2. Unabhängig von der Frage eines Mangels kann eine Täuschung über relevante Umstände eine Anfechtung der auf den Vertragsschluss gerichteten Willenserklärung des Käufers begründen (§ 123 BGB), bei deren Berechtigung nach Bereicherungsrecht rückabzuwickeln ist. Dabei wird eine Täuschung über relevante Umstände möglicherweise bereits dann angenommen werden können, wenn der Verkäufer Anhaltspunkte für einen möglicherweise relevanten Schaden ohne Prüfung verschweigt.

a) Um zu einer Rückabwicklung nach Bereicherungsrecht zu kommen, bedarf es zunächst einer Anfechtungserklärung. Eine solche lässt sich dem Klägervortrag nicht entnehmen.

b) Um zu einer Rückabwicklung nach Bereicherungsrecht zu kommen, bedarf es zudem eines Anfechtungsgrundes. Der Kläger führt mit seiner Berufung dafür an, die Beklagte habe ihn über den sich aus der Nachlackierung ergebenden Mangelverdacht relevanter Vorschäden nicht informiert. Dem ist nicht zu folgen. Unzureichende Information – wobei die weiteren Voraussetzungen einer Täuschung dahingestellt sein mögen – ist der Beklagten nur vorzuwerfen, wenn sie den Verdacht hatte, der Nachlackierung lägen relevante Schäden zugrunde.

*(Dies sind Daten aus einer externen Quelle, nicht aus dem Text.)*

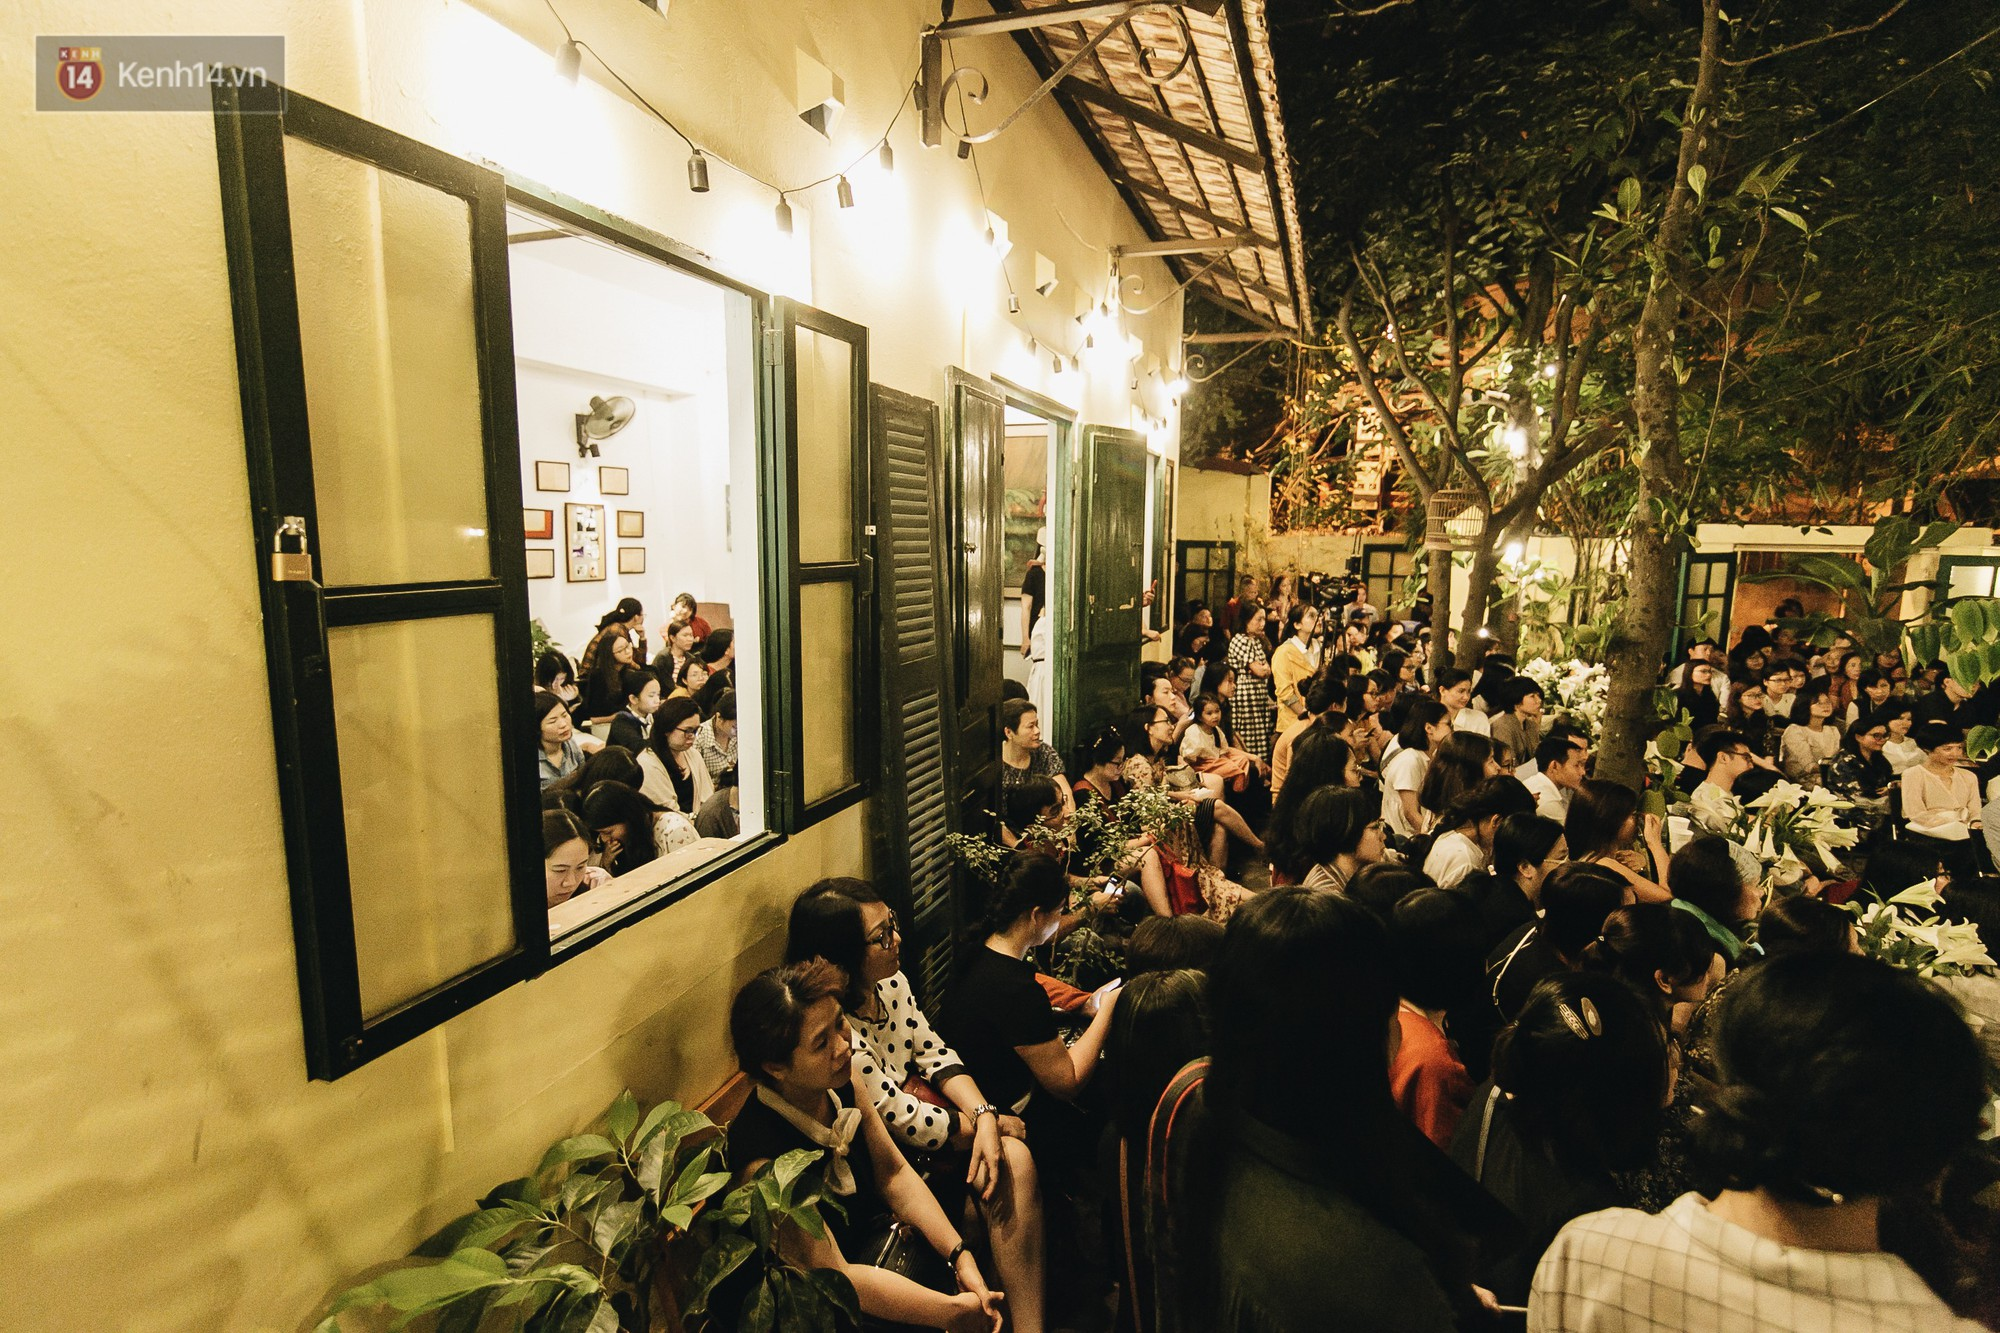 Chuyện về căn phòng 6m2 của vợ chồng Lưu Quang Vũ - Xuân Quỳnh và đêm thơ tưởng nhớ đầy cảm xúc ở Hà Nội - Ảnh 4.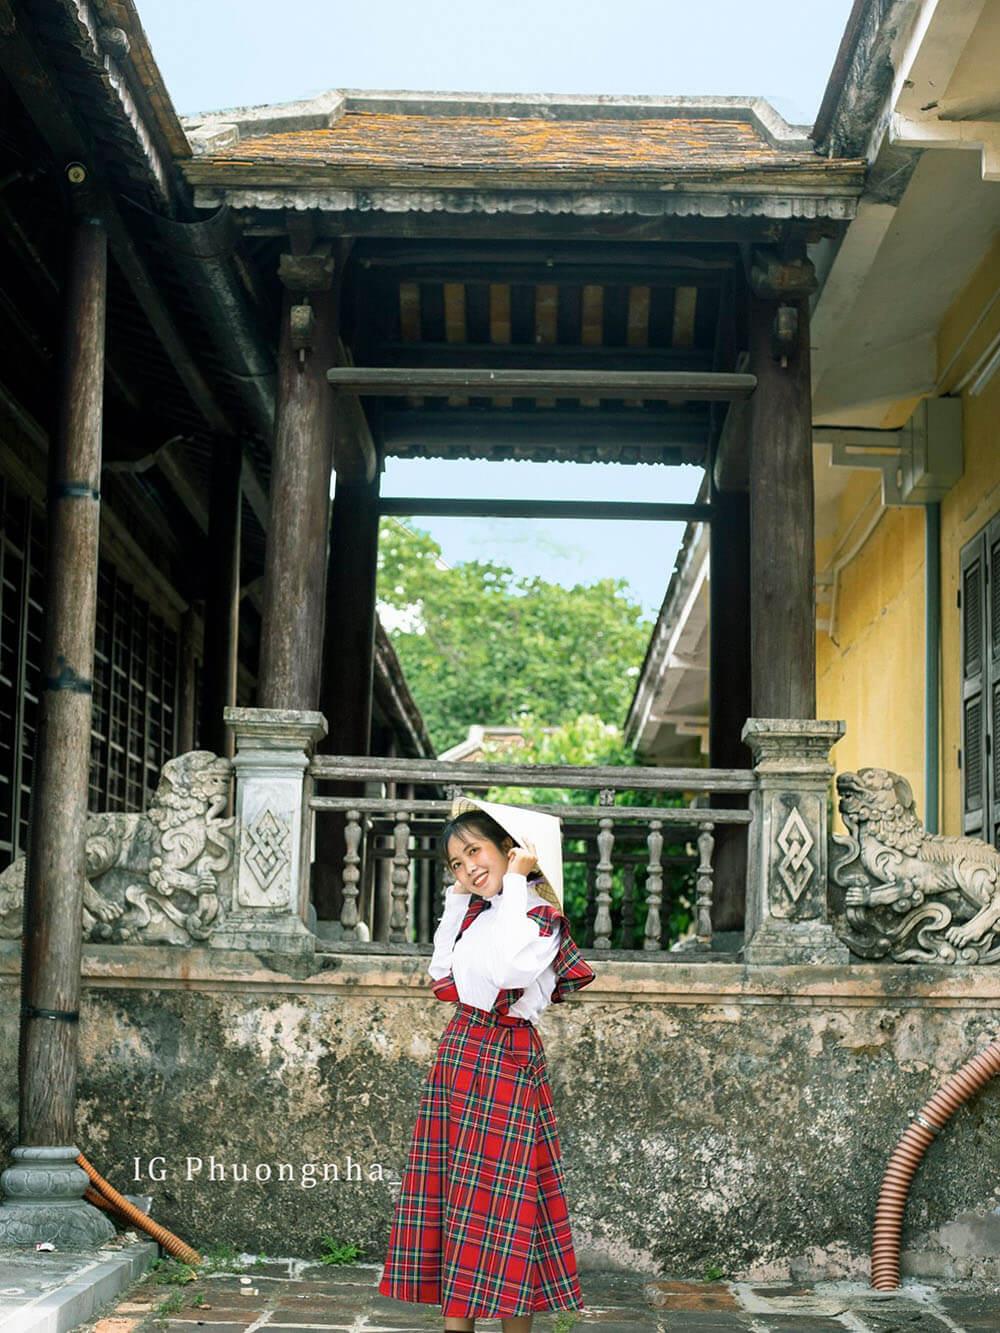 Bao Tang Co Vat Cung Dinh Hue Review Da Nang Hue Hoi An 5n4d Chuyen Di Thanh Xuan Cua Nhom Ba Con Ca Duoi

Das ist nicht festzustellen. Nach den Angaben der Zeugin N hat diese der Beklagten – was von dieser auch nicht mehr in Abrede gestellt wird – berichtet, mit der Lackierung seien kleinere Beschädigungen beim Transport beseitigt worden. Ein Mangelverdacht dahin gehend, dass der Wagen weitere Beschädigungen erlitten hatte, ergab sich für die Beklagte demnach gerade nicht.

Hinweis: Die Berufung wurde mit Beschluss vom 29.01.2015 unter Bezugnahme auf diesen Hinweisbeschluss zurückgewiesen.